Fonseca fue discípulo de Joaquín Torres García y uno de los integrantes más destacados del Taller Torres García, participando en casi todas las exposiciones colectivas del Taller y colaborando en la revista Removedor, así como en la realización de los Murales del Hospital Saint Bois en 1944. En 1950 Fonseca comenzó a viajar por el mundo y luego se radicó fuera del país. La obra de Gonzalo Fonseca integra las colecciones permanentes de importantes museos del mundo como el Brooklyn Museum of Art, Portland Art Museum y el Guggenheim Museum. Asimismo se realizaron grandes exposiciones de su obra en el Museo Reina Sofía de Madrid, MoMA de Nueva York, Jewish Museum de Manhattan, entre muchas otras instituciones.

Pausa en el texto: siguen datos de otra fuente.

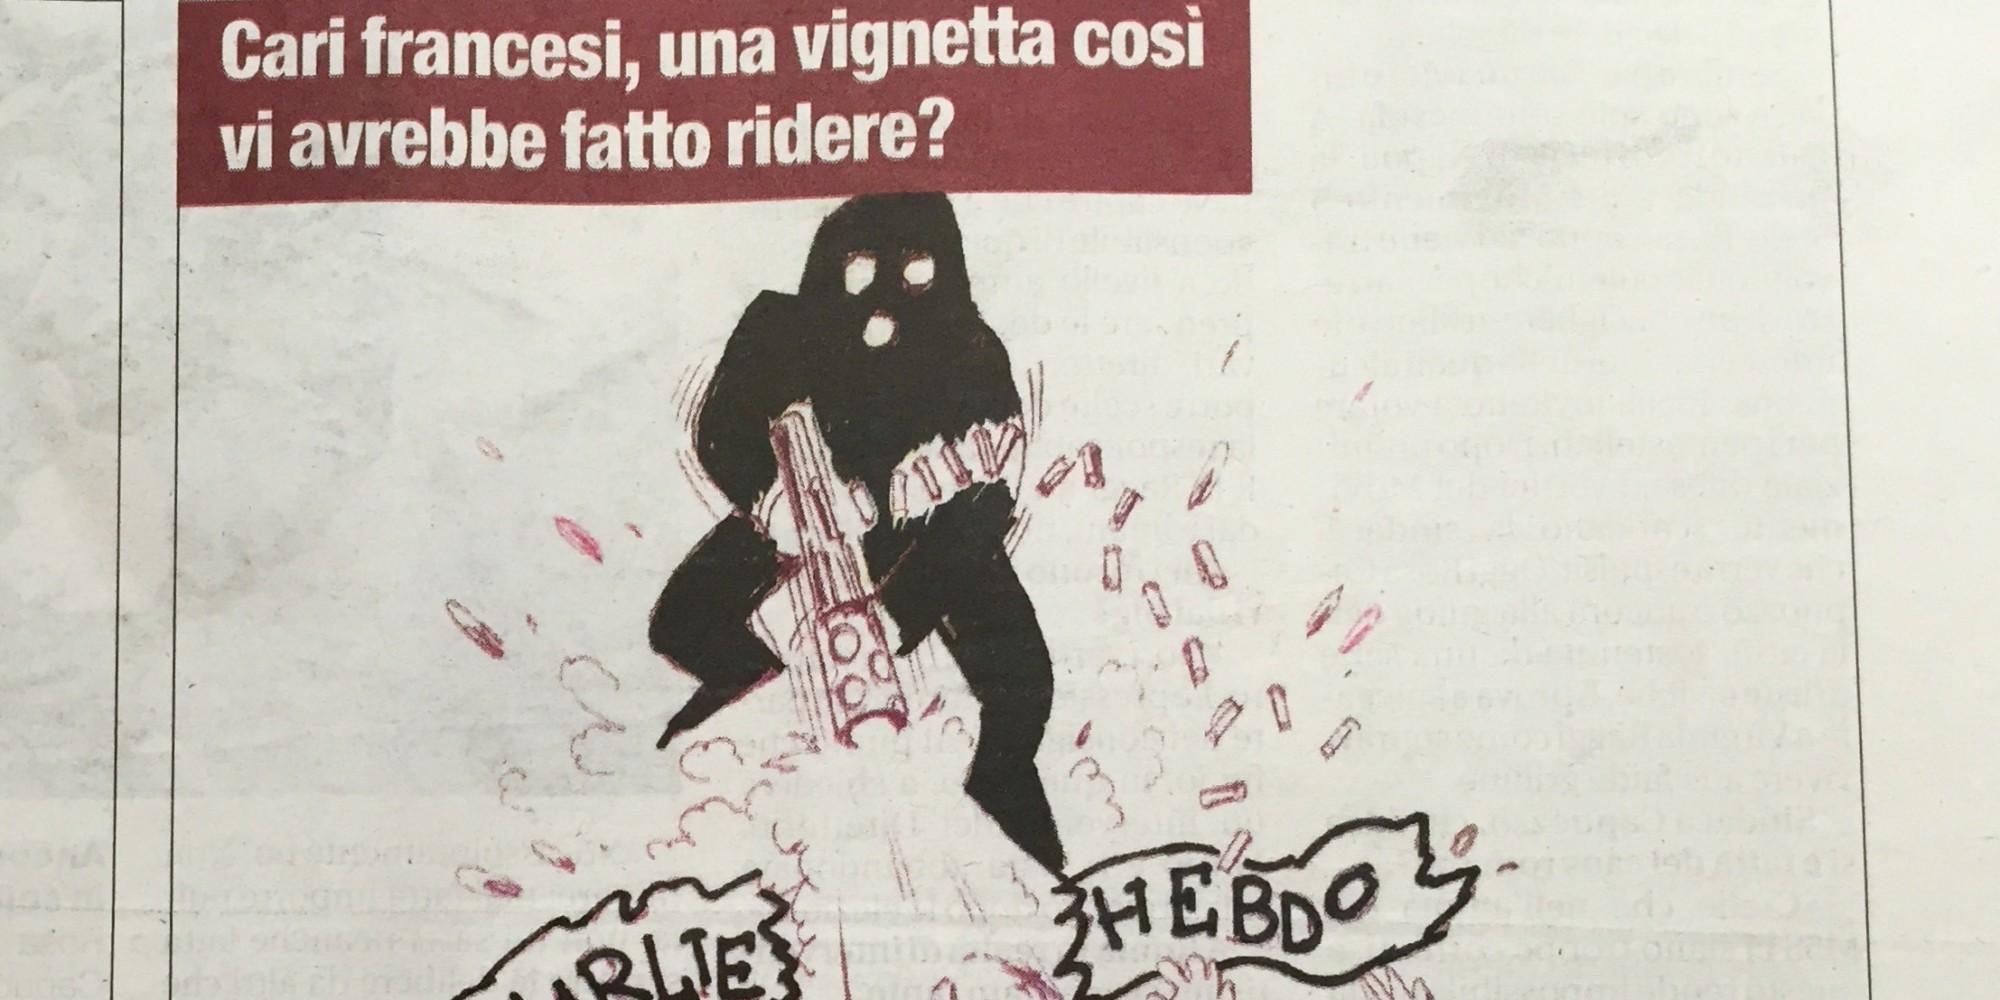 charlie hebdo risposta vignettisti italiani

La exposición homenaje que realizará el Museo Torres García abarcará dos salas de exposiciones y el hall del Museo. La fecha de apertura de la exposición será el 7 de diciembre de 2022 y el cierre el 31 de marzo de 2023. Se expondrán murales que realizó Fonseca para la decoración del Pabellón Martirené del Hospital Saint Bois, óleos, esculturas, acuarelas, y dibujos. Se incluirán fotografías, correspondencia y otros materiales documentales. Las obras a exponer pertenecen a importantes colecciones privadas de nuestro país, poco accesibles para el público en general. Además se solicitarán en préstamo obras al Museo Nacional de Artes Visuales y ANTEL.

El homenaje incluye importantes publicaciones sobre la vida y obra del artista, acciones de difusión, propuestas educativas y material audiovisual, tendientes a favorecer la accesibilidad del gran público a su obra.

Sin duda, por todo lo expuesto el homenaje a los cien años del nacimiento de Gonzalo Fonseca será uno de los hechos más significativos del panorama cultural del 2022.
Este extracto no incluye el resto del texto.